We have 6 tasks before us:

- 1. Implementing simulation of non-linear devices. This is straightforward and will yield more meaningful comparisons against Spice.
- 2. Improving our code generation techniques. The system outputs C code to be compiled, which incurs both an overhead time penalty and a performance penalty because C compilers are generally very stupid. We will gain performance by having an integral assembler. We will lose portability, but simulation programs are so simple that porting the assembler will be a simple task.
- 3. Improving the speed of the partial evaluator. We need to get the time cost of compilation below the time it takes to simulate 10 timesteps.
- 4. Producing code for parallel architectures. We will investigate both tightly coupled and loosely coupled architectures.
- 5. Designing economical hardware. This hardware will execute our simulation programs at a sustained rate of 100 million floating operations per second. We want to keep five 20MH floating point chips busy with as little supporting hardware as possible.
- 6. Generalizing our techniques to other scientific computations. We believe our approach will work superbly whenever the structure of the data can be compiled away. We will have source code whose clarity and elegance is matched only by the speed of

the compiled system. Once we have Spice under our belt we will investigate using our techniques for the standard benchmarks of parallel scientific systems.

# References and Bibliography

[Ardent] Lecture by Glen Miranker of Ardent at the EE380 seminar.

[ASTAP] W. T. Weeks, A. J. Jimenez, G. W. Mahoney, D. Mehta, H. Qassemzadeh, and T. R. Scott, "Algorithms for ASTAP - A Network Analysis Program," *IEEE Trans. on Circuit Theory*, Vol. CT-20, No. 6, November 1973, pp. 628-634.

[Barzilai] Z. Barzilai, J. L. Carter, B. K. rosen, and J. D. Rutledge, "HSS - A High-Speed Simulator," in *IEEE Transactions on Computer-Aided Design of Integrated Circuits and Systems*, 6-4, July 1987, pp. 601-617.

[Bryant] Randal Bryant, Derek Beatty, Karl Brace, Kyeongsoon Cho, Thomas Sheffler, "COSMOS: A Compiled Simulator for MOS Circuits," in *Proceedings of the 24th Design Automation Conference*, June 1987, Miami Beach, Florida, pps 9-16.

[Lewis] David Lewis, "A Programmable Hardware Accelerator for Compiled Electrical Level Simulation," in *Proceedings of the 25th Design Automation Conference*, June 1988, Anaheim California, pps, 172-177.

[Hansen] Craig Hansen, "Hardware Logic Simulation by Compilation," Proceedings of the 25th Design Automation Conference, June 1988, Anaheim California, pps, 712-715.

[Nagel] Laurence Nagel, SPICE2: A Computer Program to Simulate Semiconductor Circuits, Electronics Research Laboratory Report No.
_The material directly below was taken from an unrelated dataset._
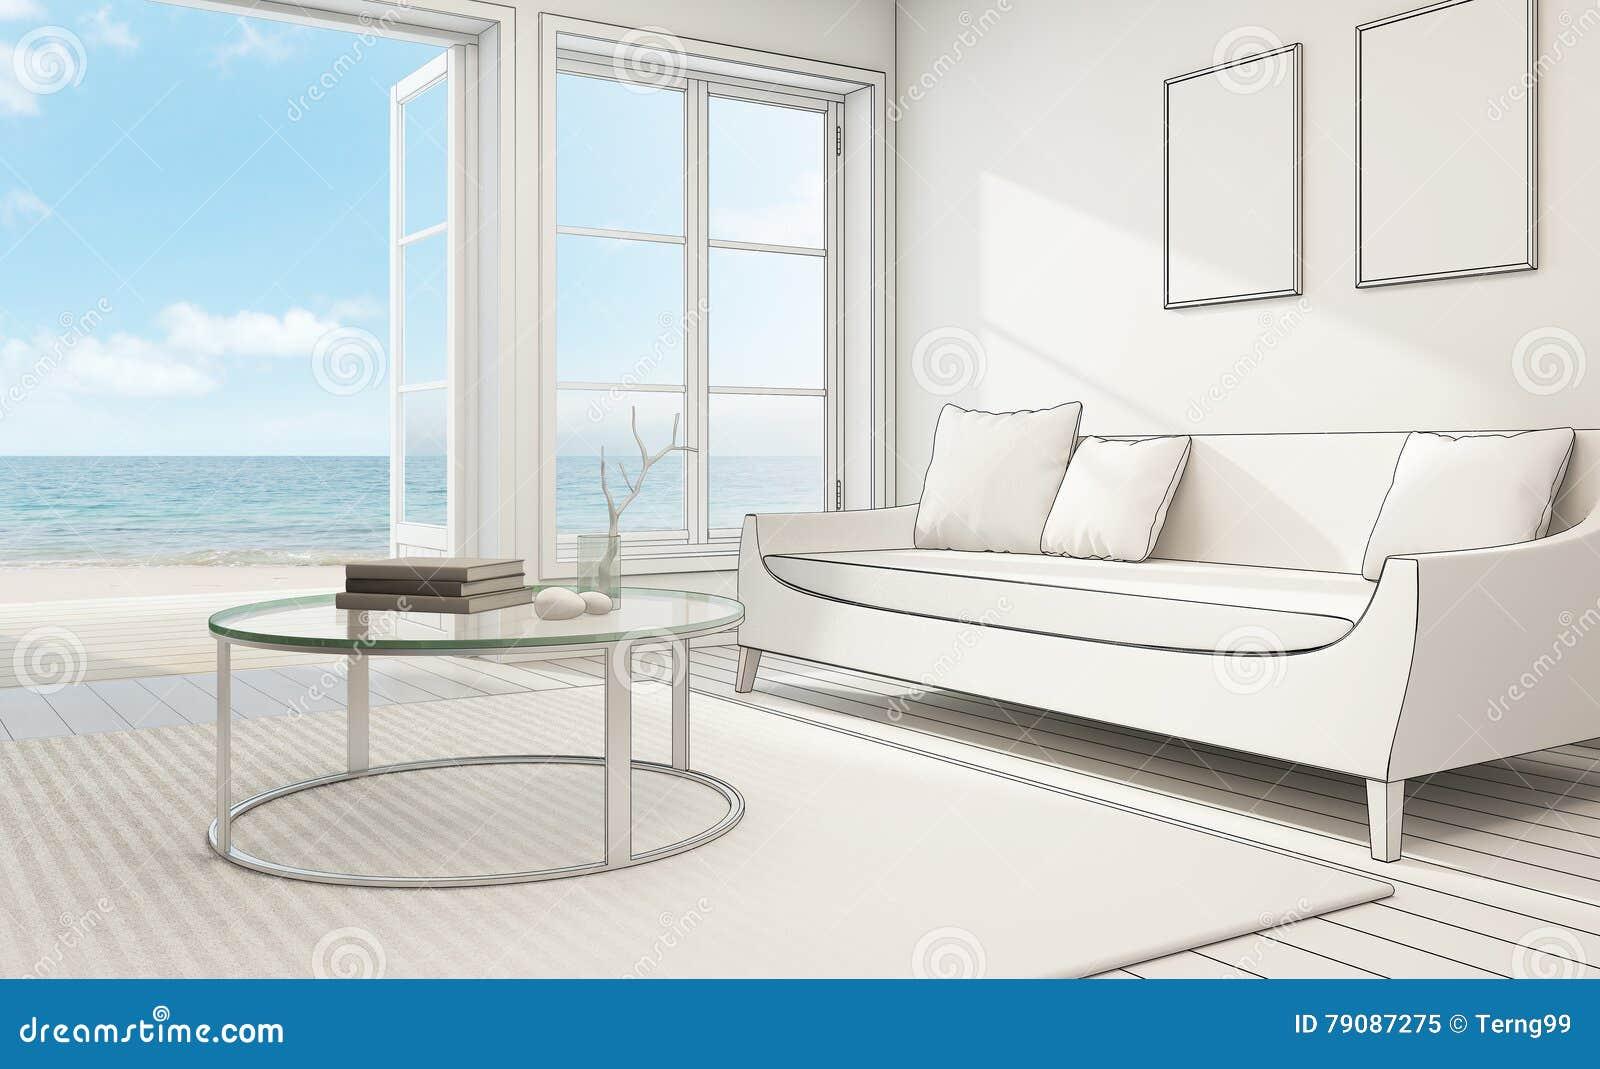 Esquissez la conception de l 39 int rieur de vue de mer dans for Conception de structure de maison moderne
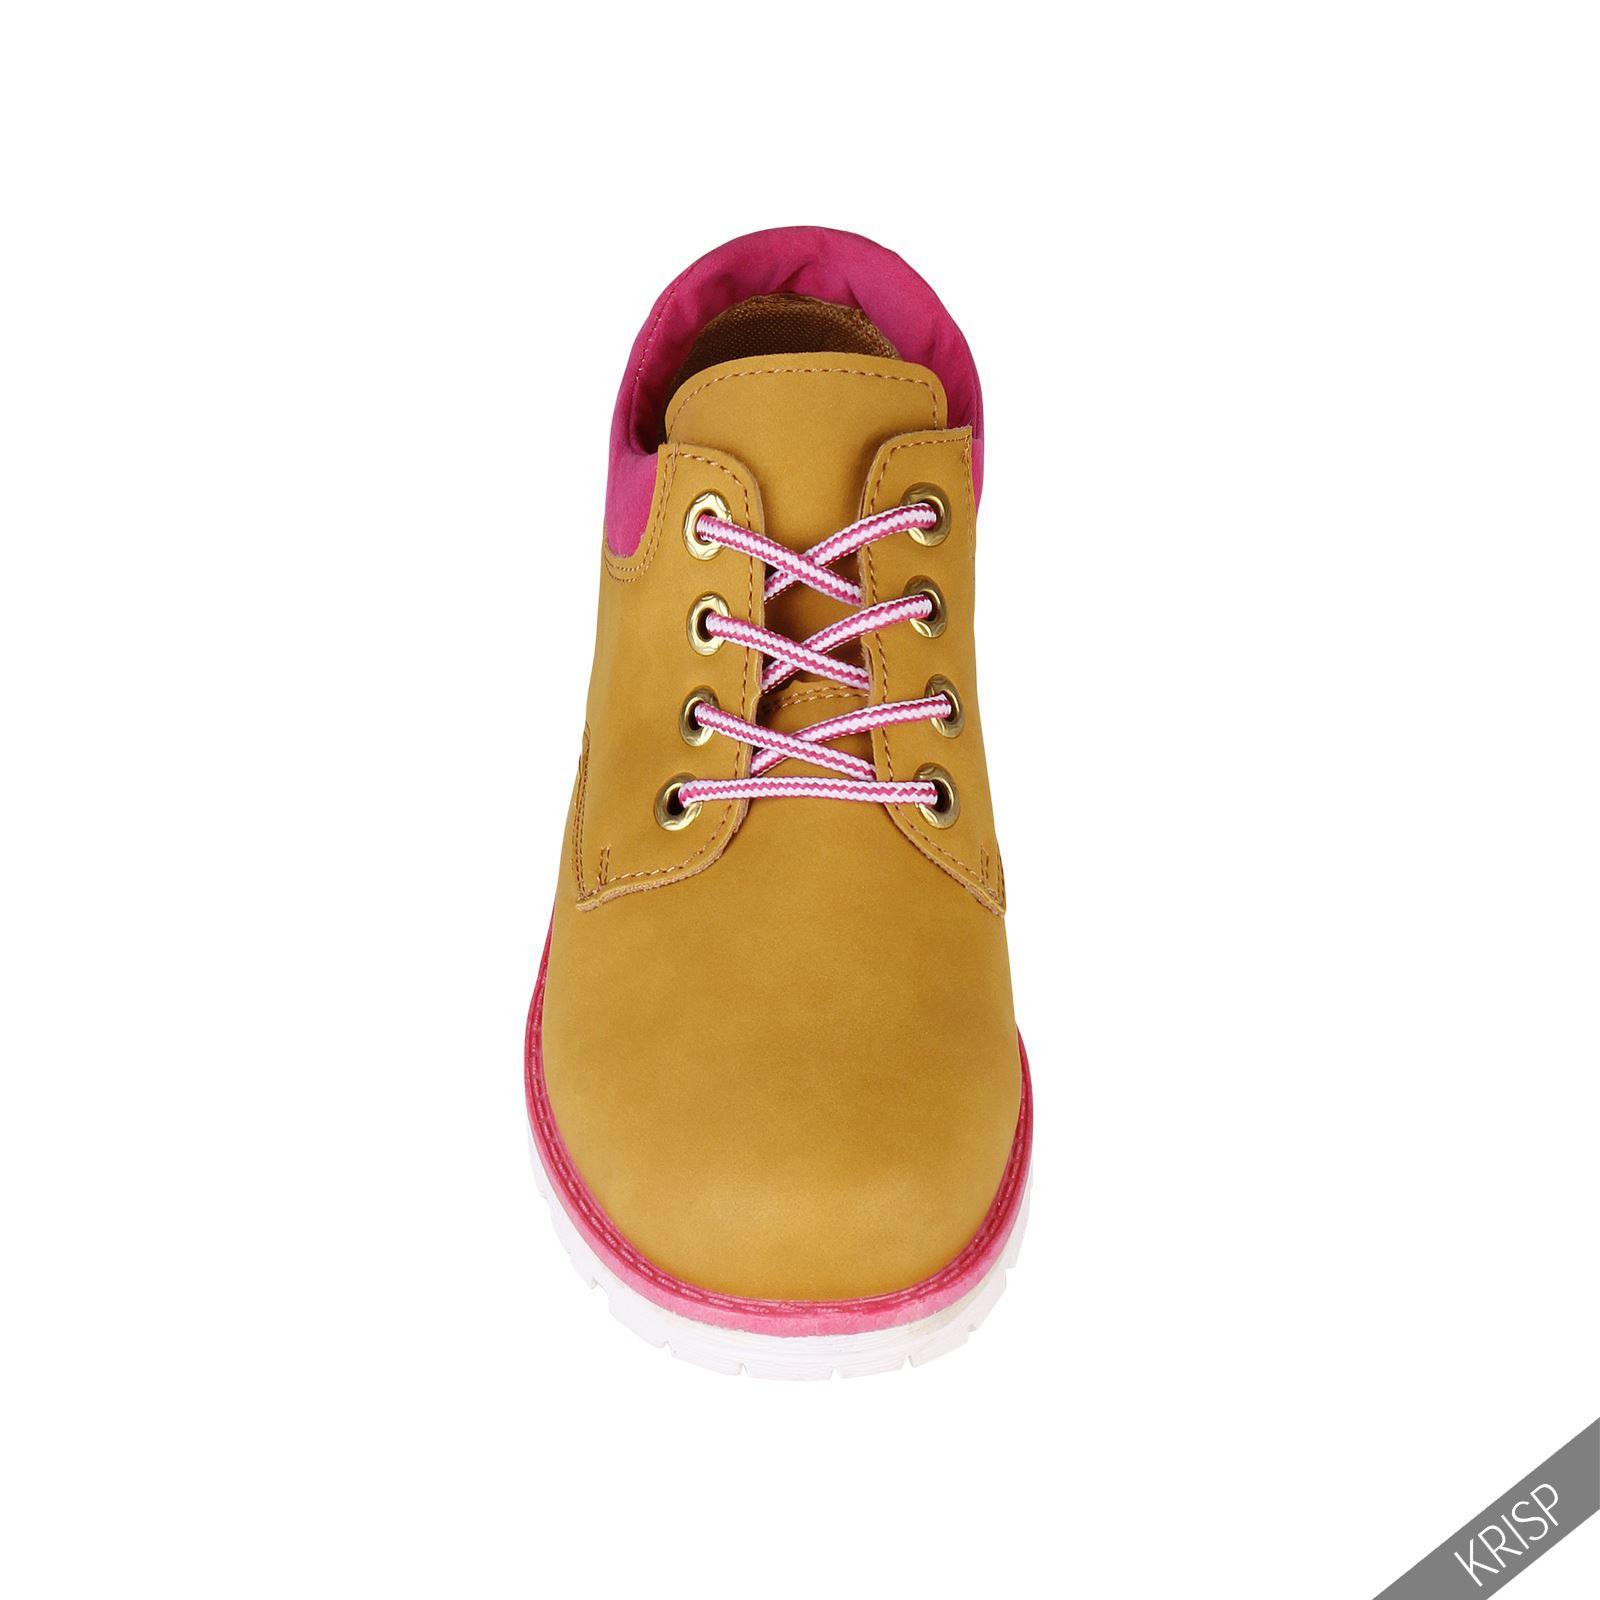 Femmes-Boots-Boyfriend-Uni-Faux-Suede-Bottes-Talon-Plat-Strass-Bottines

ERL-M520, University of California, Berkeley, May 1975.

[Spice3] need this reference.

[Vladimirescu] Andrei Vladimirescu et. al., "A Vector Hardware Accelerator with Circuit Simulation Emphasis," in *Proceedings of the 24th Design Automation Conference*, June 1987, Miami Beach, Florida, pps 89-94.

[White] Jacob K. White, The Multirate Integration Properties of Waveform Relaxation, with Applications to Circuit Simulation and parallel Computation, Ph.D. Dissertation, University of California, Berkeley, Electronics Research laboratory, November 18, 1985.